• Work required: Print the listing below word for word, but drop any pictures it contains.

[Given material — start]

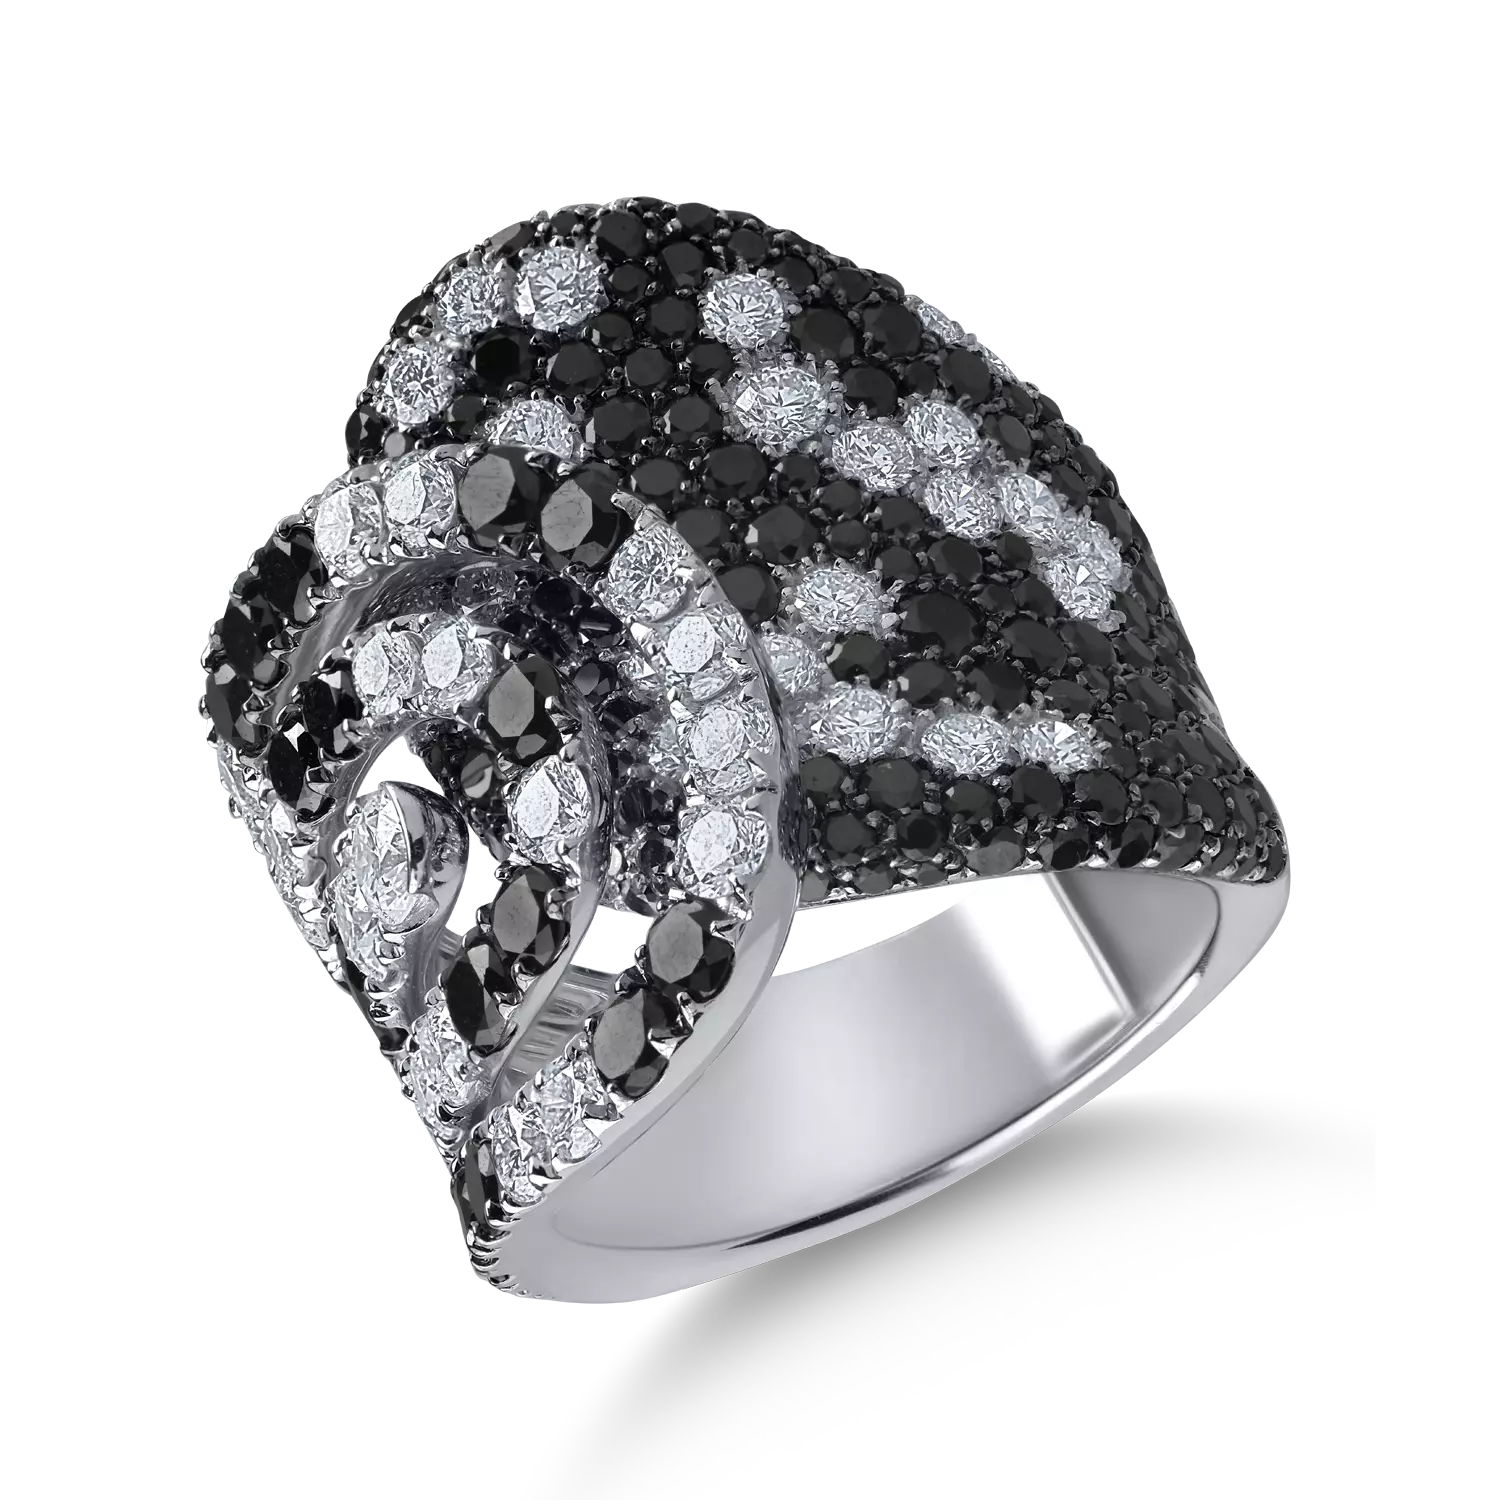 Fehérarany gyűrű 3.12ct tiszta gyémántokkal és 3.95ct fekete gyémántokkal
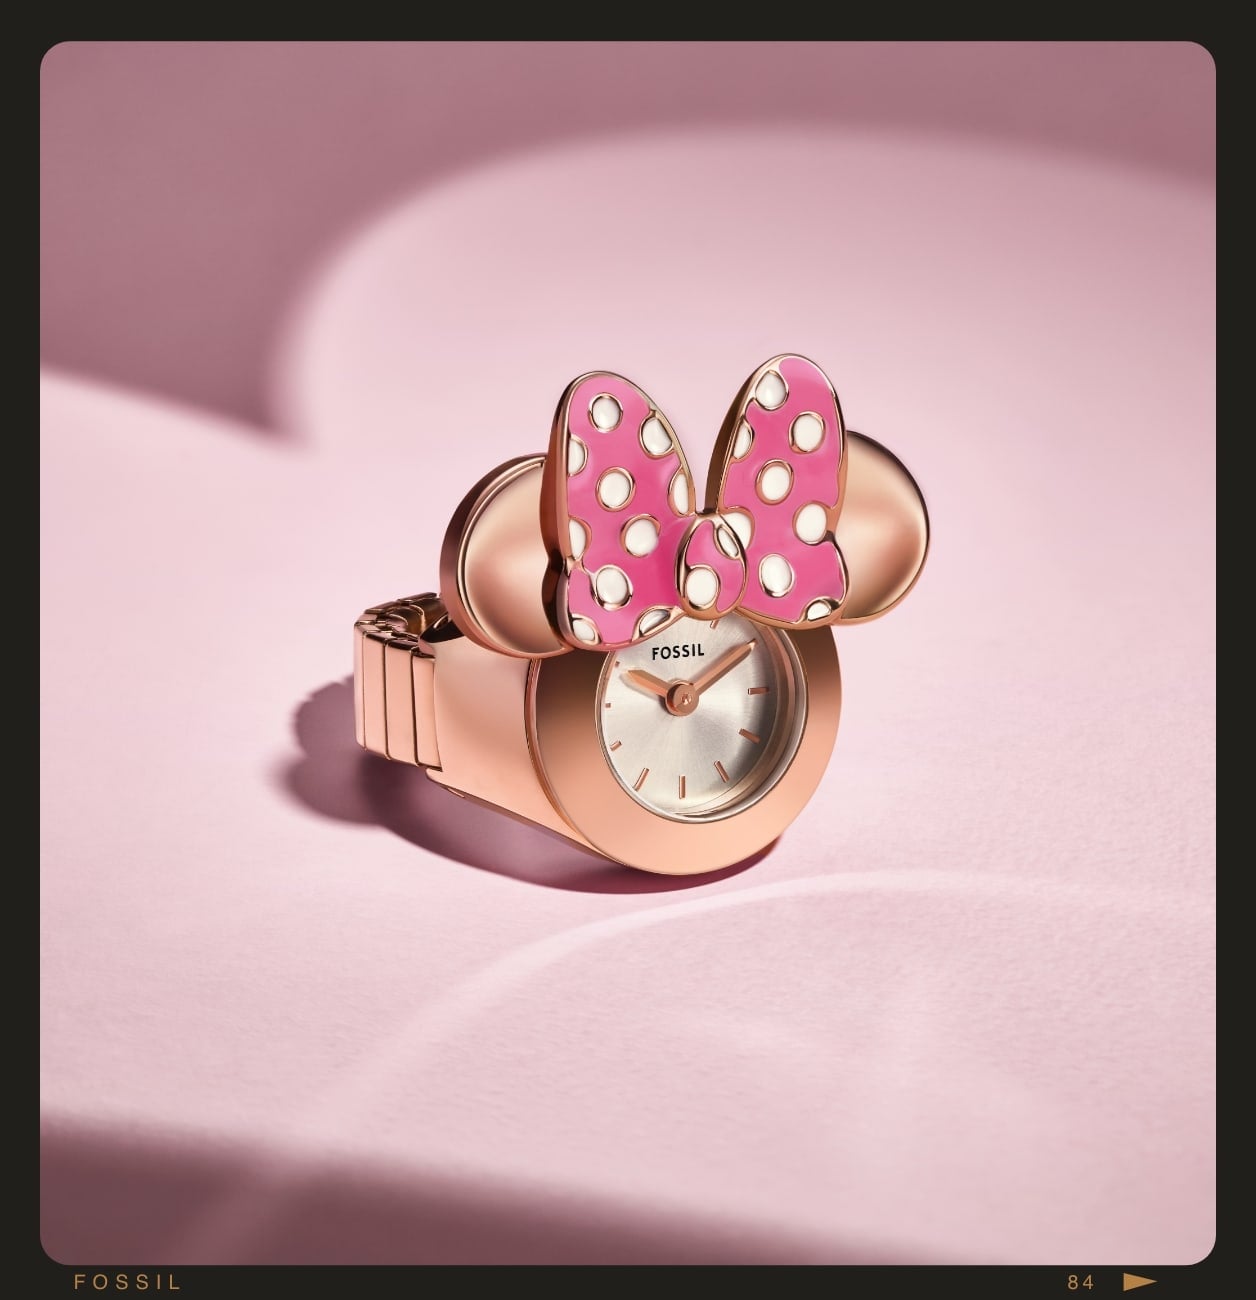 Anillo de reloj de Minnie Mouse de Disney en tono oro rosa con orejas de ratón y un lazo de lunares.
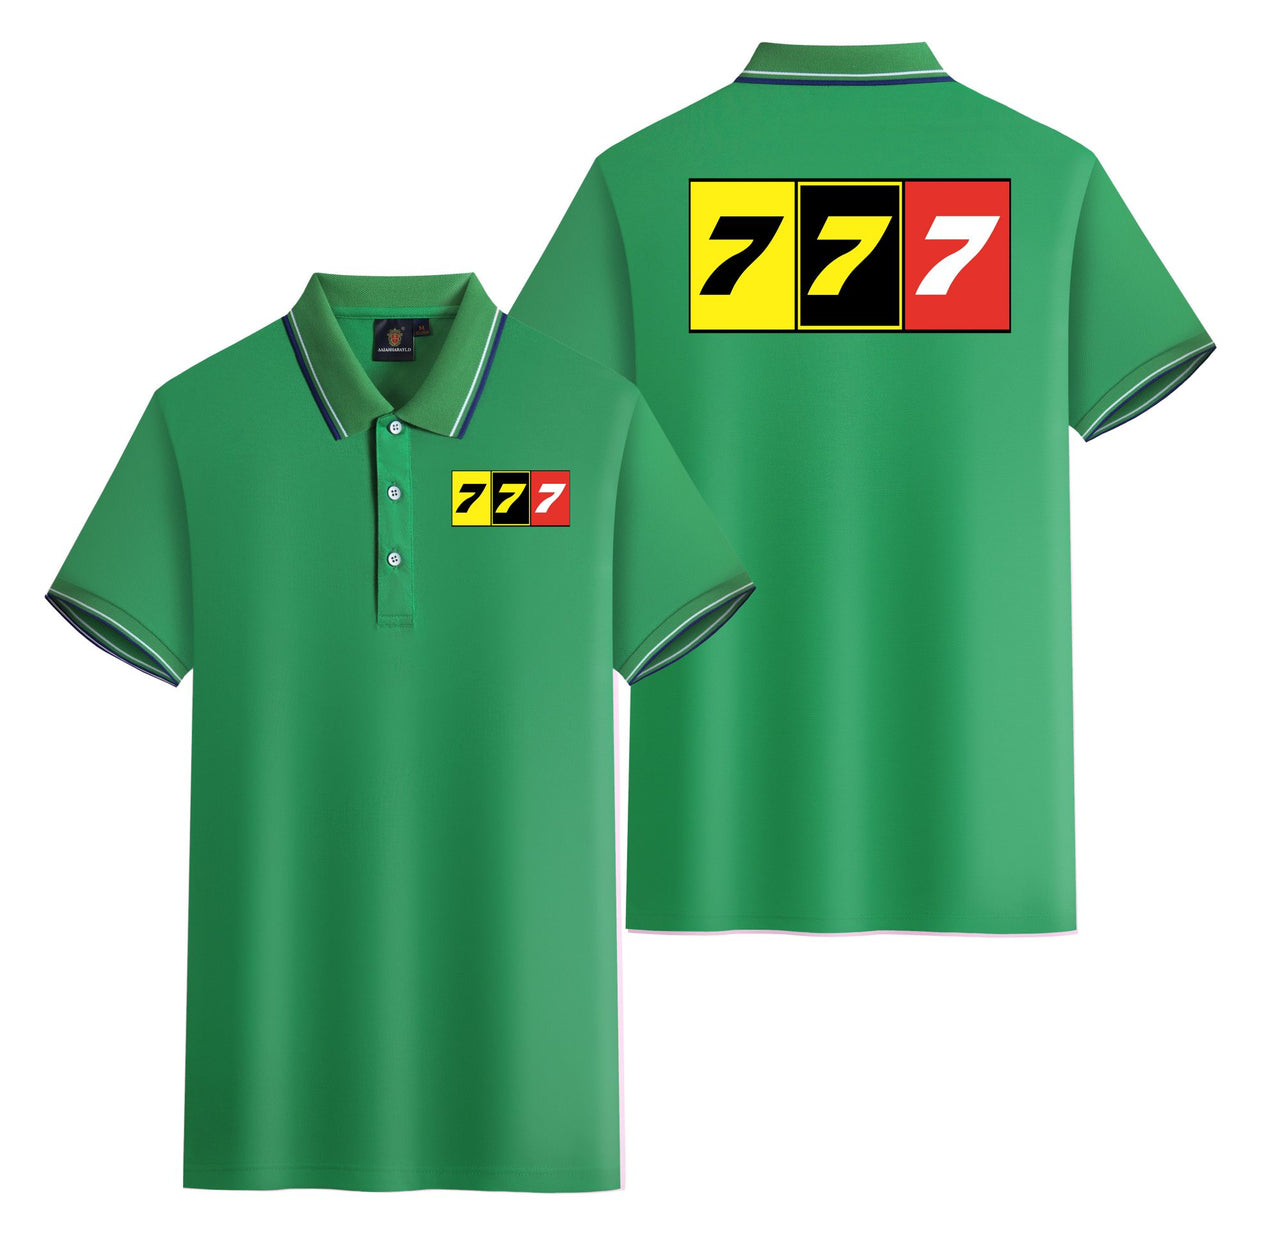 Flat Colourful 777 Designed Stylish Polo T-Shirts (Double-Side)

[Given material — finish]

• Exercise response:
 Fehérarany gyűrű 3.12ct tiszta gyémántokkal és 3.95ct fekete gyémántokkal
 Anillo de reloj de Minnie Mouse de Disney en tono oro rosa con orejas de ratón y un lazo de lunares.
 Flat Colourful 777 Designed Stylish Polo T-Shirts (Double-Side)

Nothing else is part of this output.